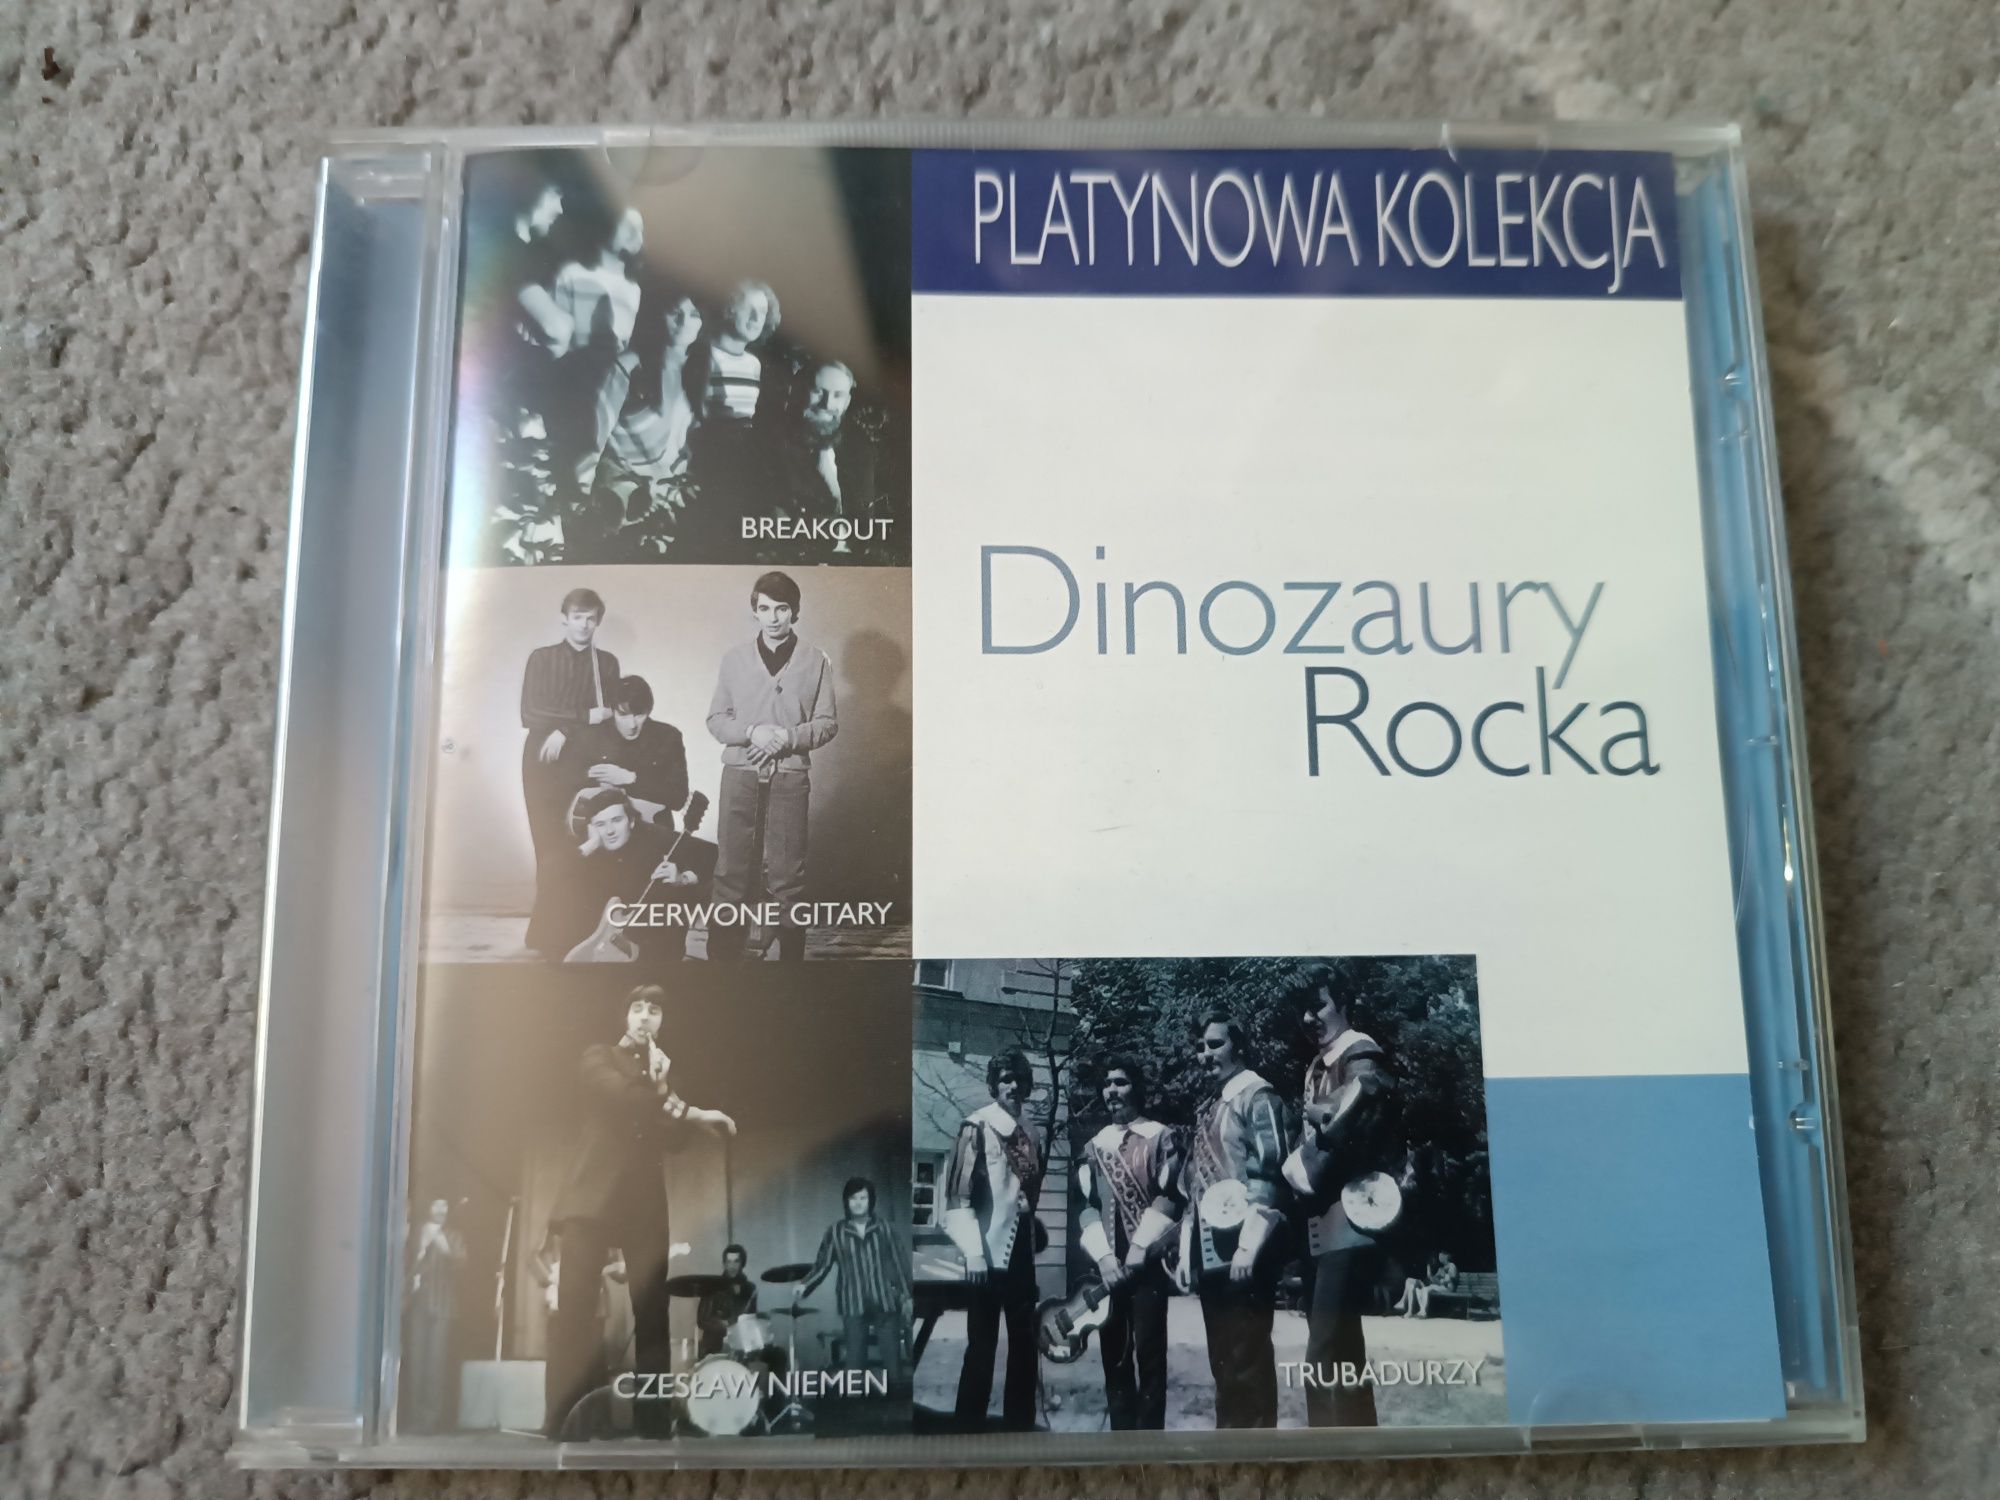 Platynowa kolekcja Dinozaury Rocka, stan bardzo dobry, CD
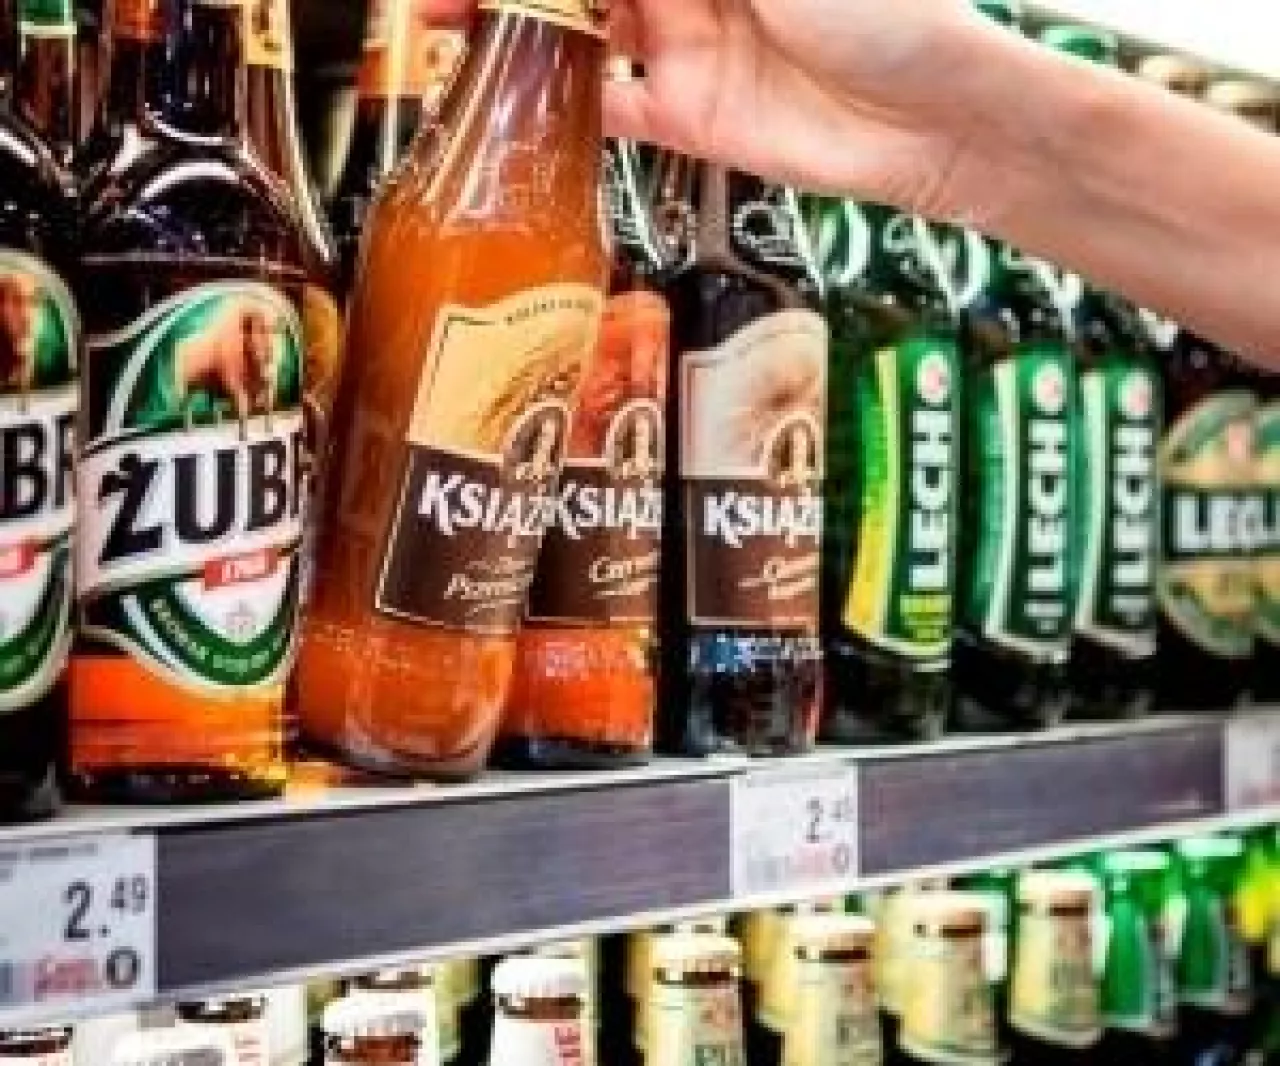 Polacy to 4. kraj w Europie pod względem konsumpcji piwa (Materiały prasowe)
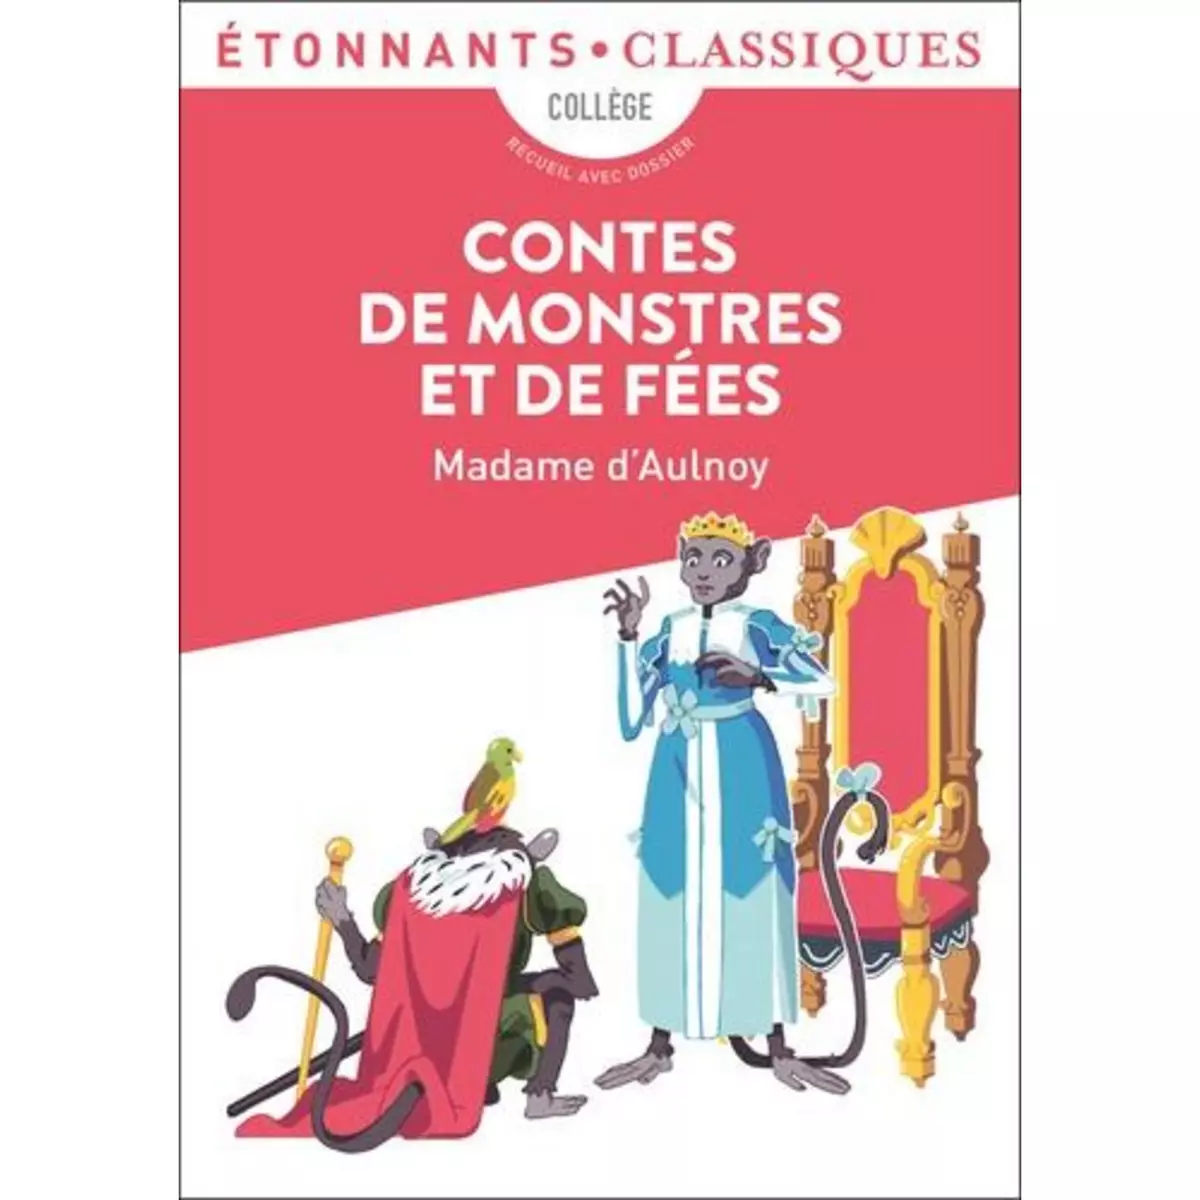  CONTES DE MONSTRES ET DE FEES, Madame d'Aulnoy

-- Work required --
Set down the data above verbatim, omitting every image.

-- Exercise output --
 Platynowa kolekcja Dinozaury Rocka, stan bardzo dobry, CD
 Polacy to 4. kraj w Europie pod względem konsumpcji piwa (Materiały prasowe)
  CONTES DE MONSTRES ET DE FEES, Madame d'Aulnoy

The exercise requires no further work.